### ABOUT THIS EXERCISE
Could you give the data below again exactly, apart from the pictures?

### SUPPLIED DATA
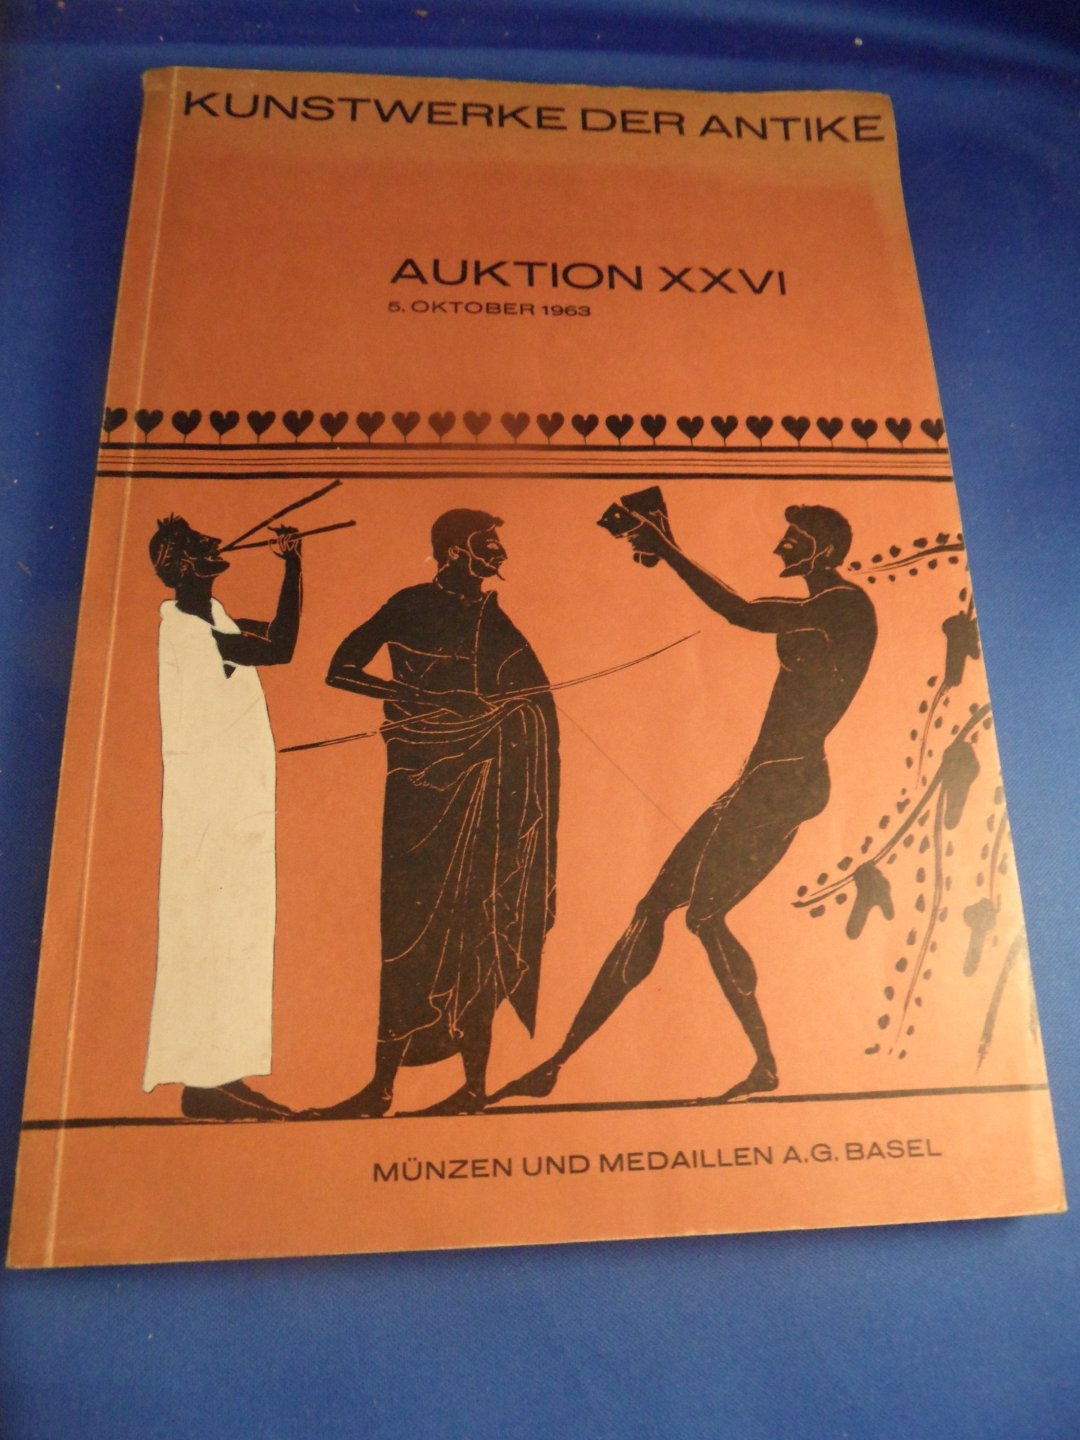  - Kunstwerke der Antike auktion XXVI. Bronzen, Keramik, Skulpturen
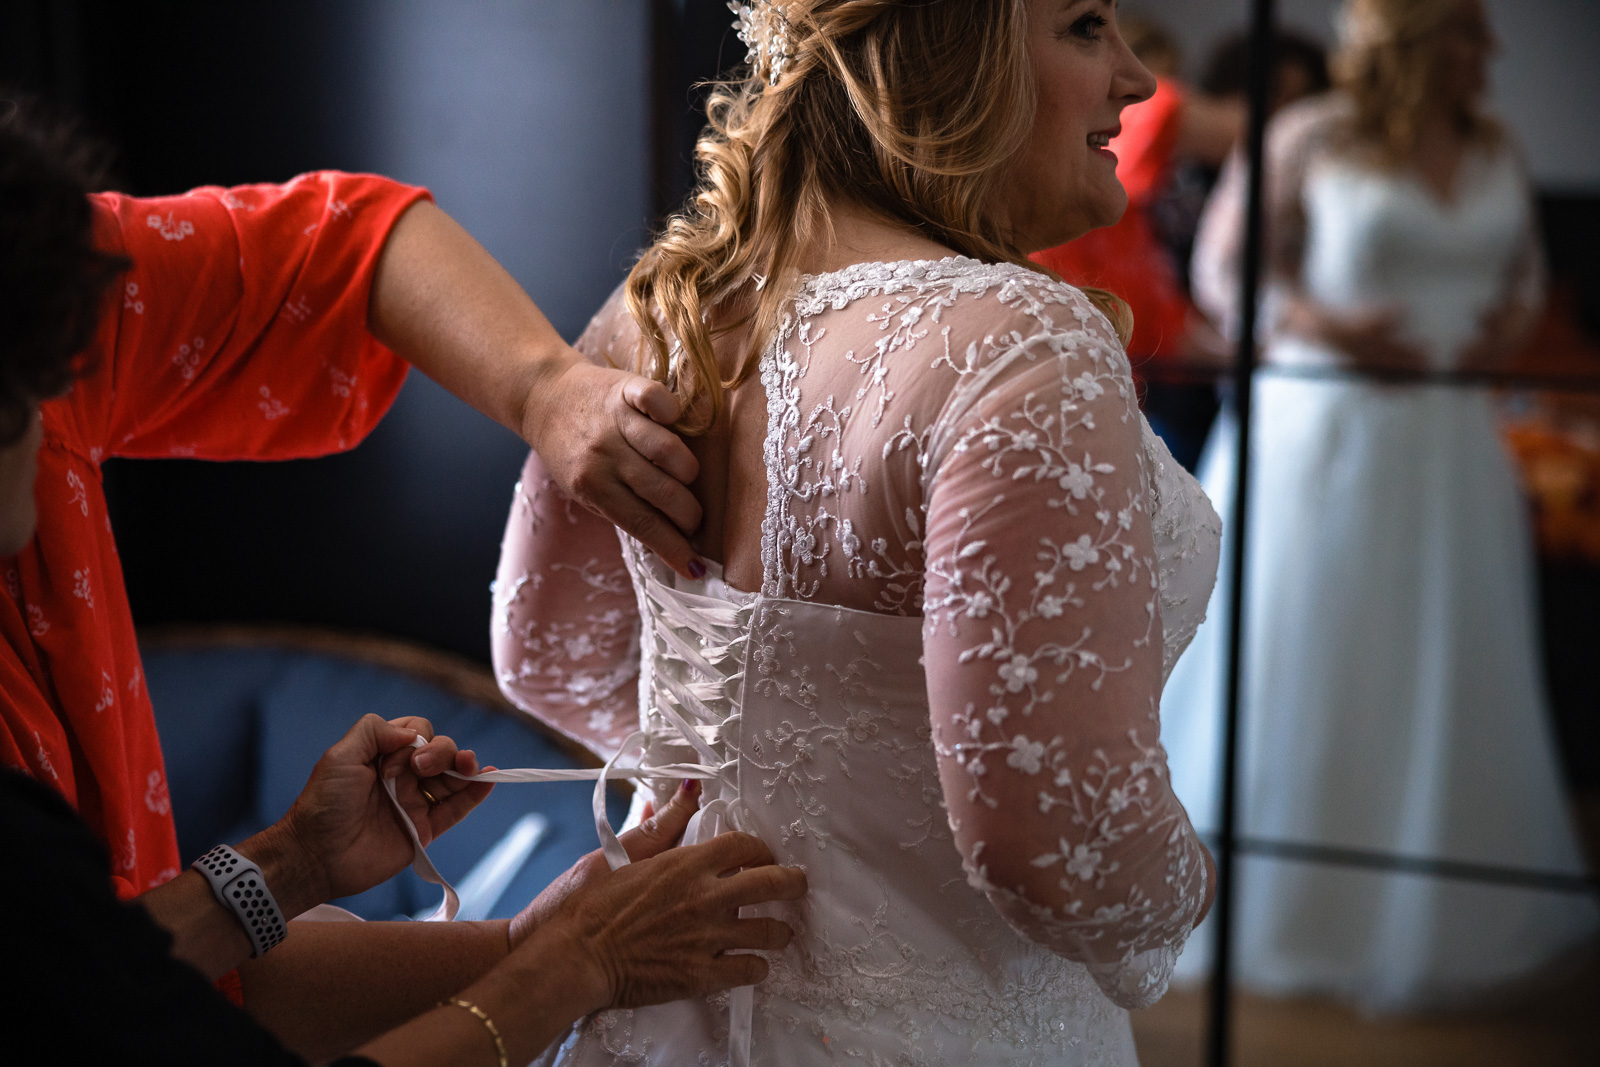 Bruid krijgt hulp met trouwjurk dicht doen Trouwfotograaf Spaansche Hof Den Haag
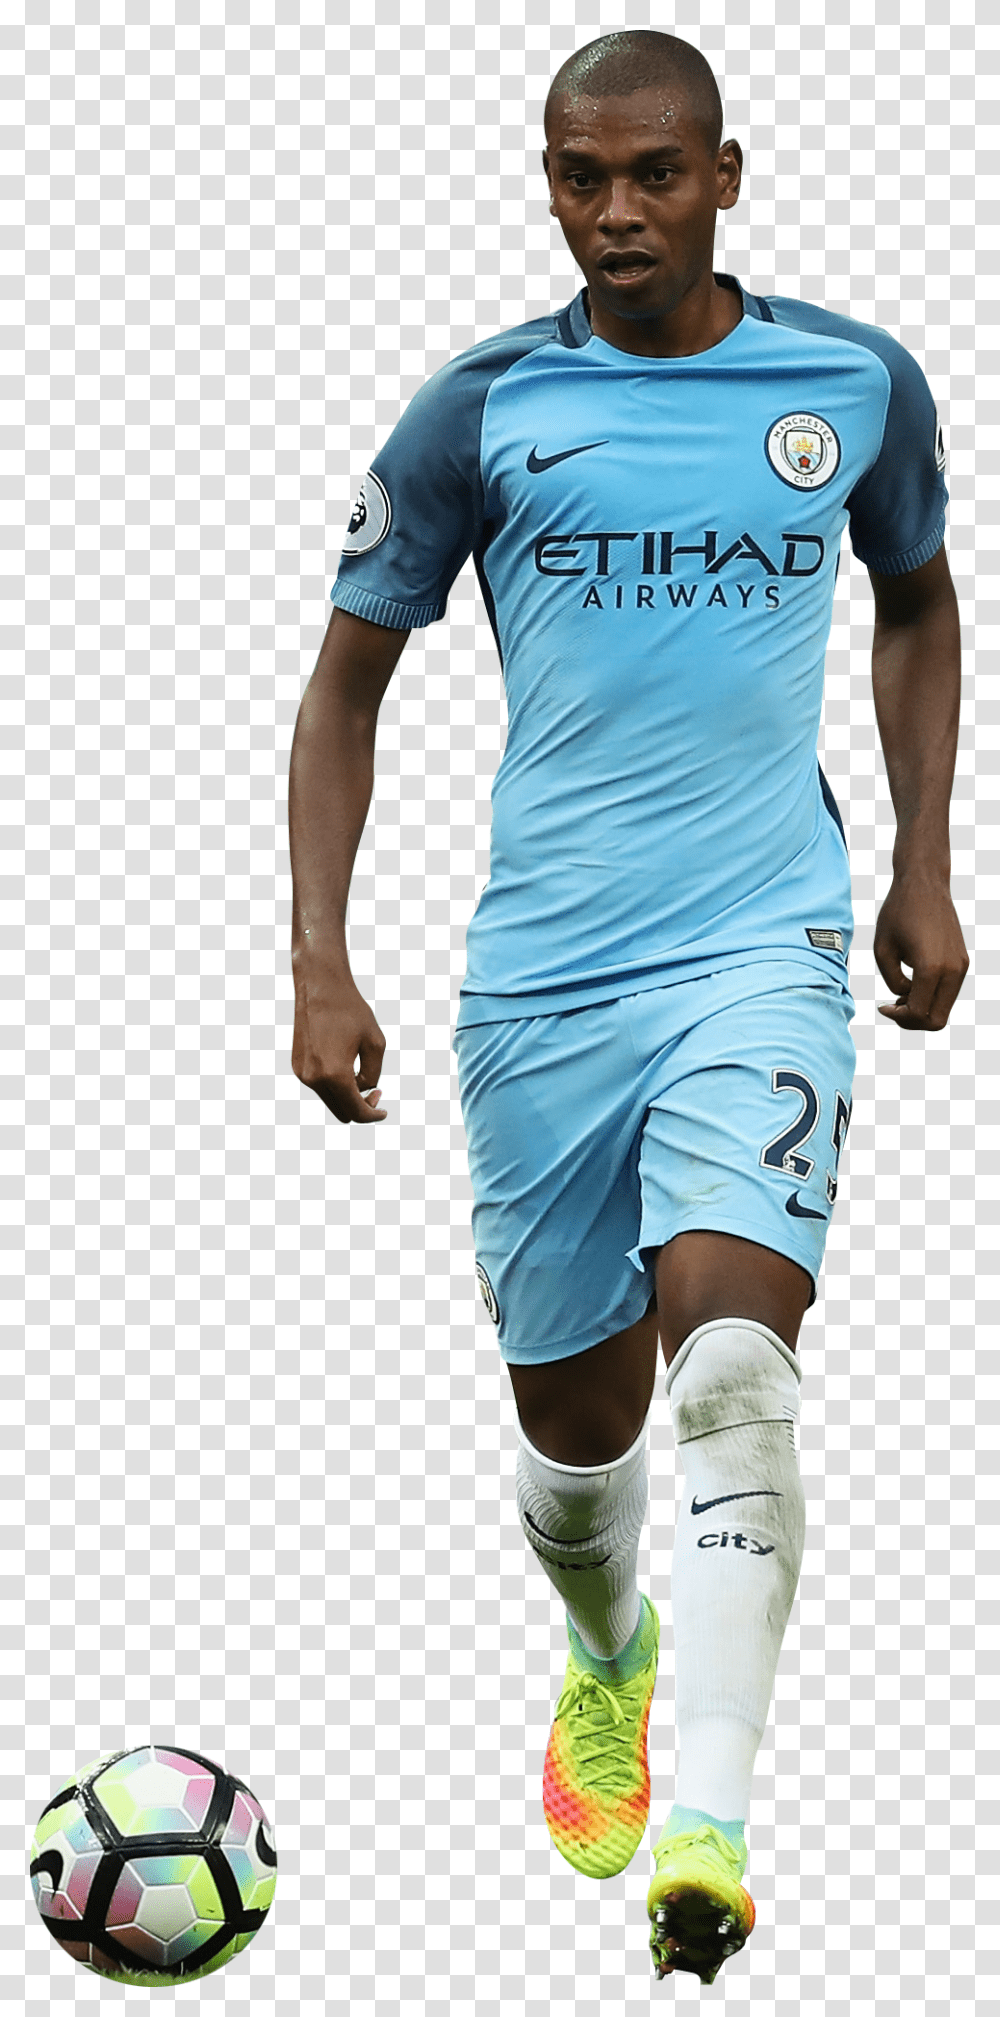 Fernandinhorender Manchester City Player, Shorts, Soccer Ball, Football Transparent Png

### RESPONSE TO THE EXERCISE
  - Kunstwerke der Antike auktion XXVI. Bronzen, Keramik, Skulpturen
 Bruid krijgt hulp met trouwjurk dicht doen Trouwfotograaf Spaansche Hof Den Haag
 Fernandinhorender Manchester City Player, Shorts, Soccer Ball, Football Transparent Png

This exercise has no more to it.